3. Configure `httpx.AsyncClient` with explicit limits in each provider.
**Patterns to follow:** Existing `ProviderConfig` dataclass pattern; existing `timeout` parameter pattern.
**Test scenarios:**
- Provider creates httpx client with configured limits
- Default limits applied when not configured
- Custom limits from config override defaults
- Connection reuse verified via mock
**Verification:** Existing provider tests pass; connection pool settings applied correctly.
---
### U6. Chat route pipeline optimization
**Goal:** Optimize the WebSocket chat handler to overlap I/O operations and reduce serial waits.
**Requirements:** R1, R2
**Dependencies:** U1, U4
**Files:**
- `src/agentkit/server/routes/chat.py` — parallelize session operations
- `tests/unit/test_chat_routes.py` — add pipeline optimization tests
**Approach:**
1. In `_handle_chat_message()`, parallelize:
- `sm.append_message()` (user message) and `sm.get_chat_messages()` — these can run concurrently since append_message now returns immediately (U4)
2. Move assistant message `append_message()` to fire-and-forget after streaming completes (already non-blocking with U4).
3. Reuse `ReActEngine` instance per session instead of creating new one per message.

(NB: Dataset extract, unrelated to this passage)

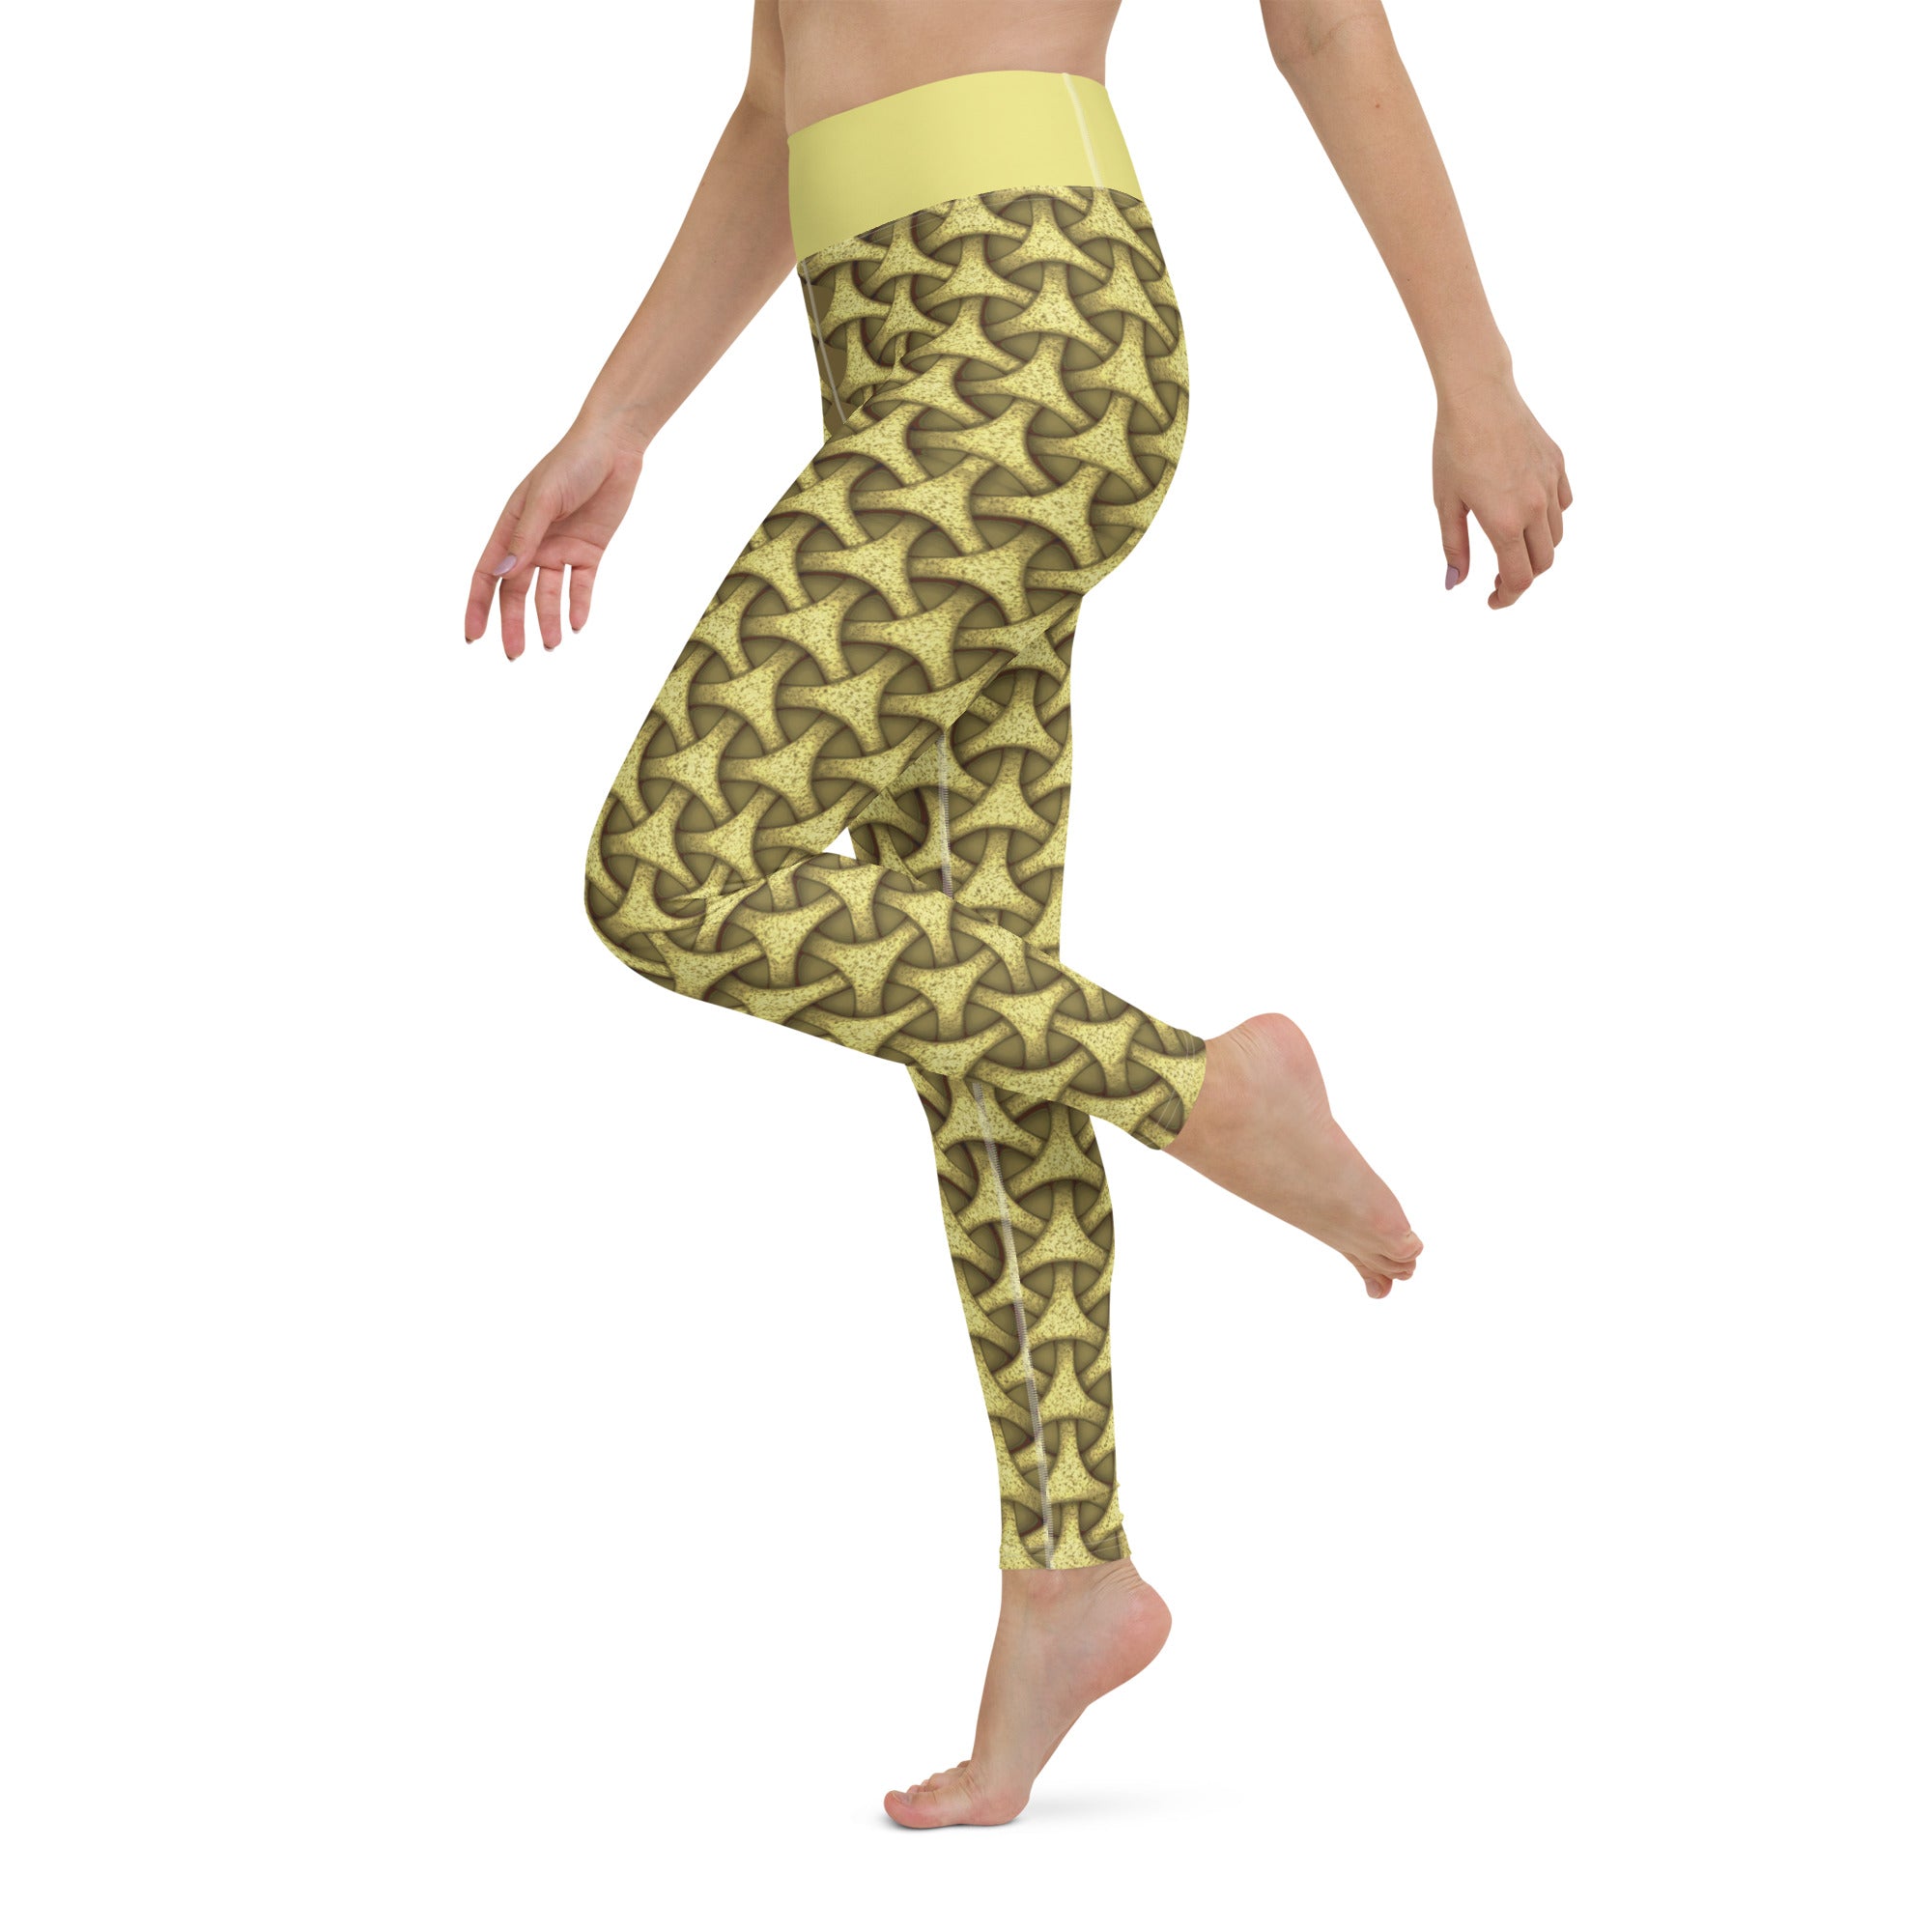 Celestial Glow Leggings complementing an early morning meditation session.
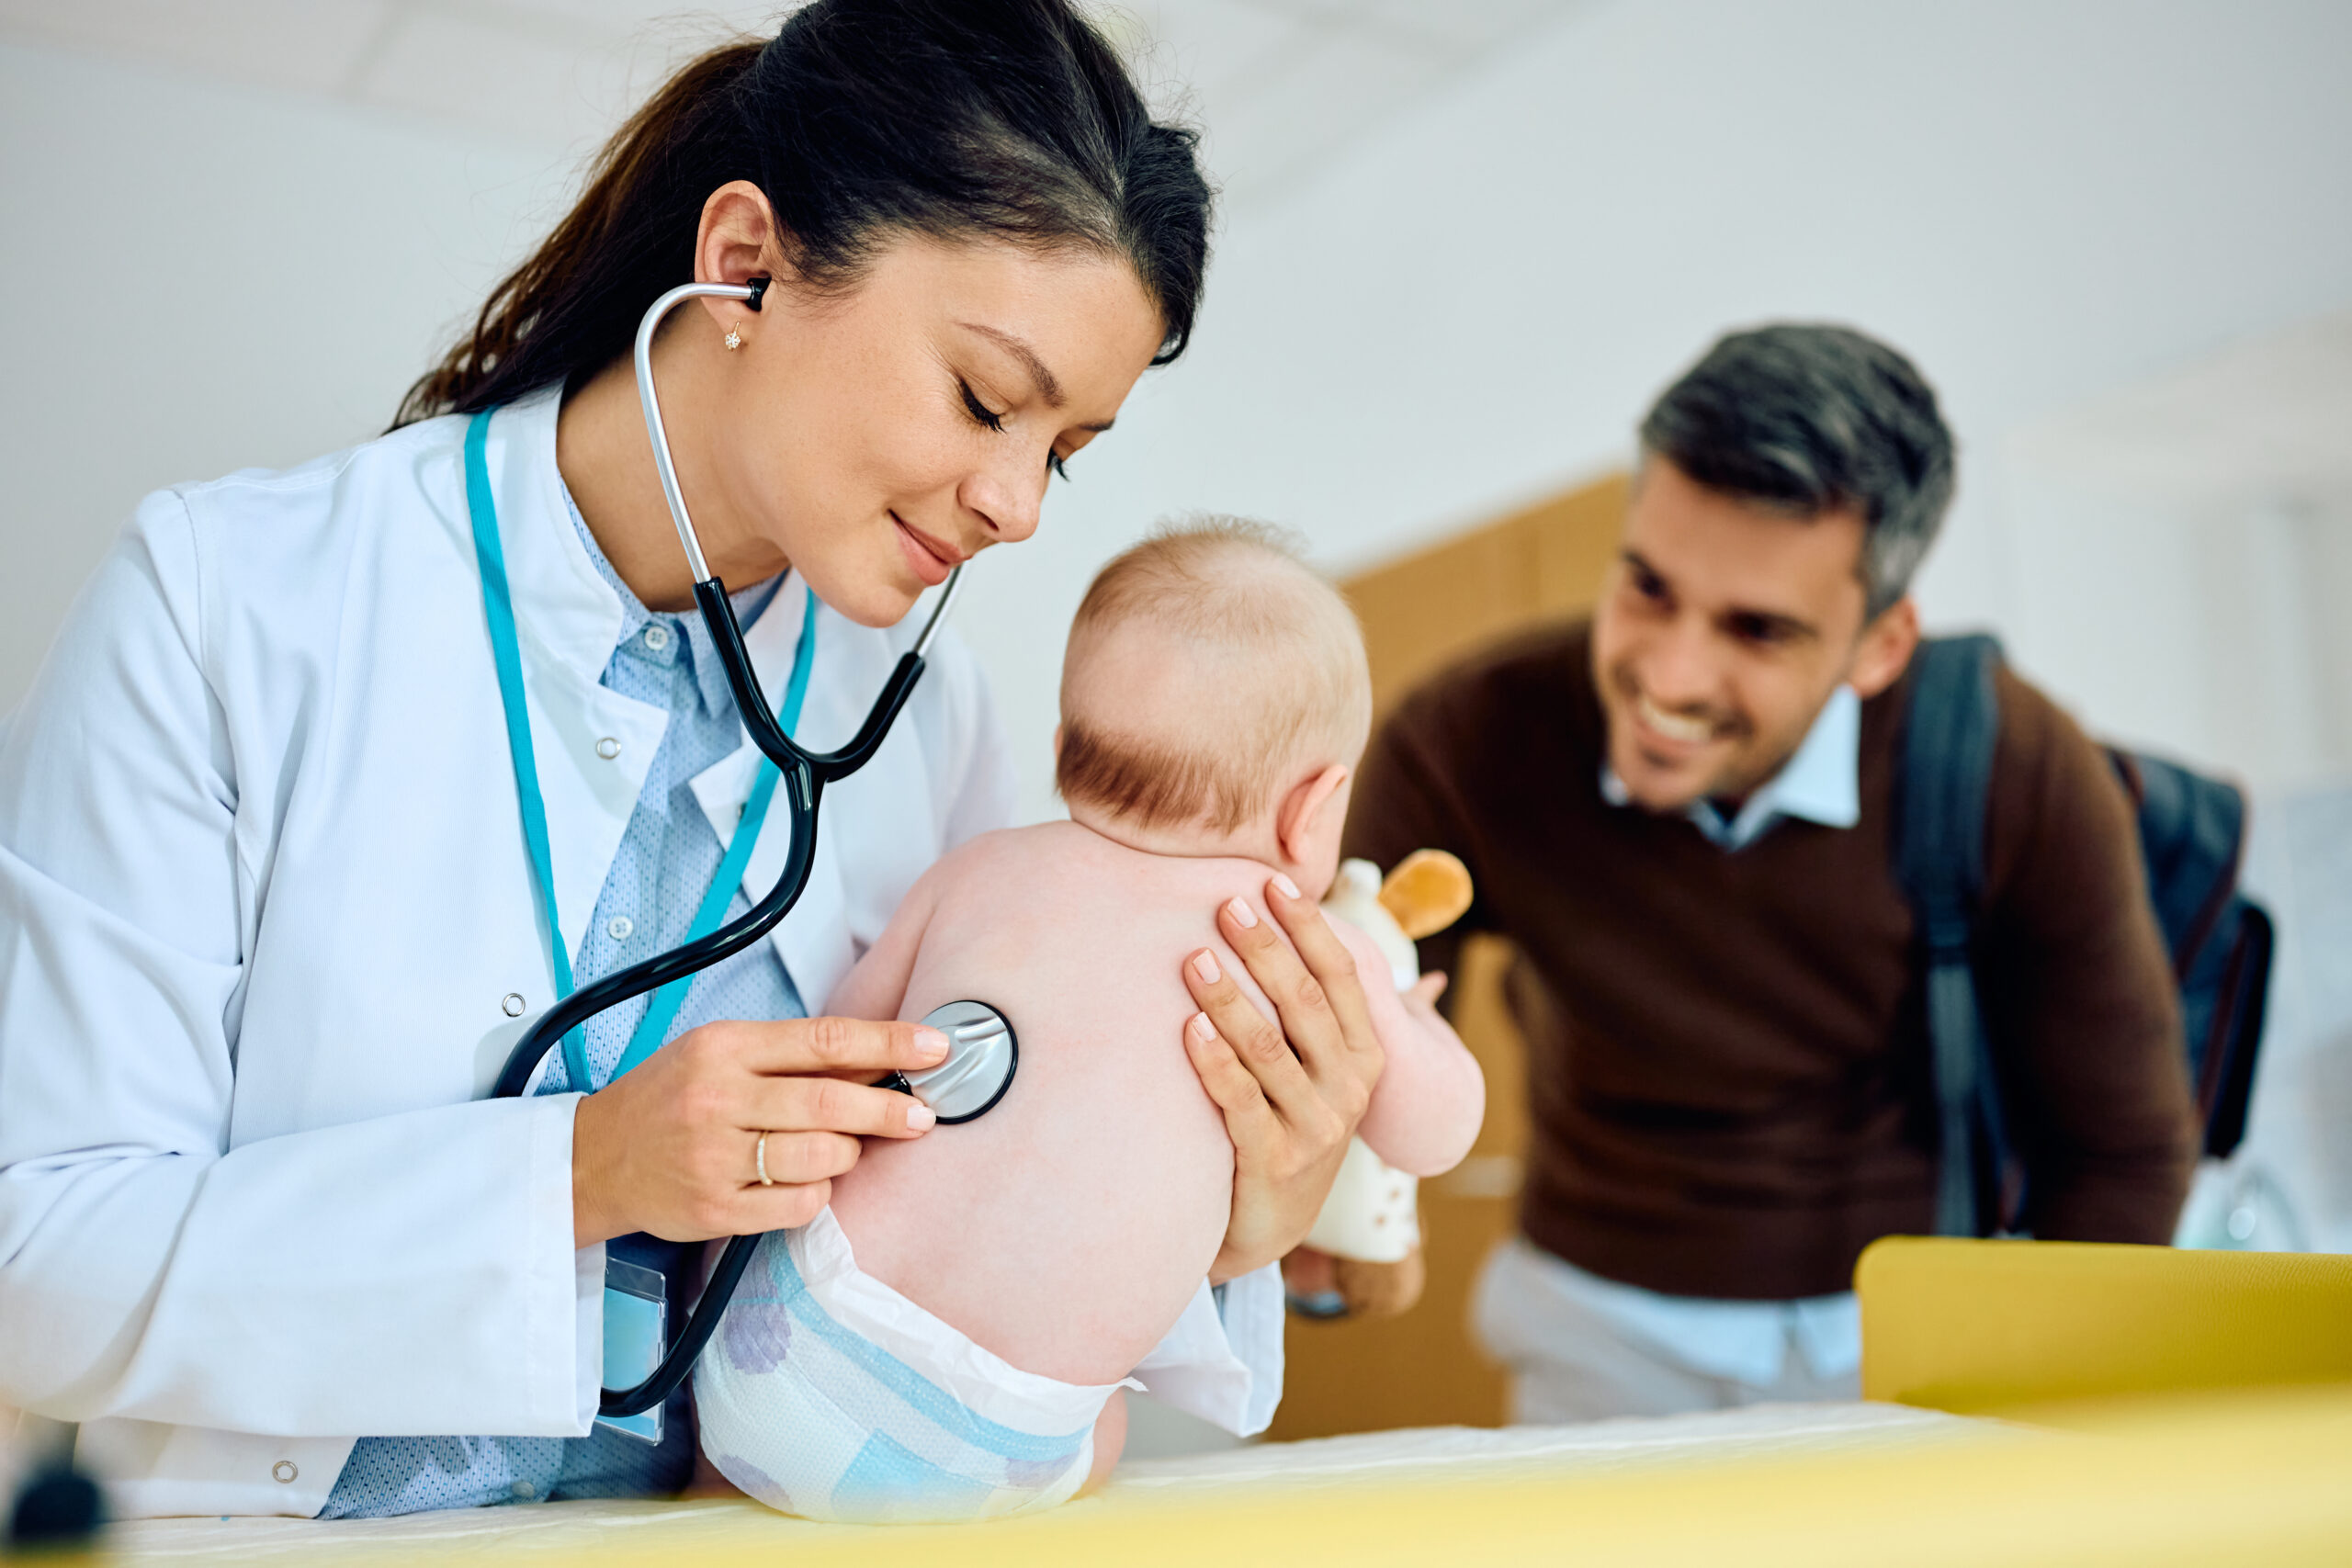 female-pediatrician-and-baby-during-medical-examin-2023-06-07-18-00-28-utc-scaled-

**Patterns to follow:** Existing `asyncio.gather` pattern in orchestrator.
**Test scenarios:**
- User message append and chat messages retrieval run concurrently
- Assistant message persisted after streaming completes
- ReActEngine reuse across messages in same session
- Error during parallel operations handled gracefully
**Verification:** Existing chat route tests pass; manual test shows reduced latency.
---
## Risks & Mitigations
| Risk | Likelihood | Impact | Mitigation |
|------|-----------|--------|------------|
| Heuristic classifier misroutes requests | Medium | Medium — wrong skill or wrong execution mode | Config flag to revert to LLM; monitor routing accuracy via telemetry |
| Parallel tool execution breaks implicit dependencies | Low | High — incorrect results | Config flag to disable; LLM rarely returns dependent calls in single response |
| Async session writes lose messages on crash | Low | Medium — missing conversation history | WAL buffer + flush on shutdown; acceptable trade-off for speed |
| Merged LLM call prompt confuses the model | Low | Low — falls back to separate calls | Fallback to separate calls on parse failure |
## System-Wide Impact
- **Routing layer:** CostAwareRouter and IntentRouter behavior changes when heuristic mode is active; existing LLM-based routing preserved as fallback
- **ReAct engine:** Tool execution changes from serial to parallel; conversation history ordering preserved
- **Session management:** Write operations become asynchronous; read operations check WAL buffer
- **Configuration:** New `router` and `react` config sections in `agentkit.yaml`
- **Telemetry:** Existing OpenTelemetry spans continue to work; new spans for heuristic classification
## Open Questions
- What is the actual routing accuracy of the current LLM-based classifier? Need baseline measurement before comparing heuristic accuracy.
- Should the heuristic classifier be extensible (plugin pattern) or hardcoded? Starting with hardcoded for simplicity, can extend later.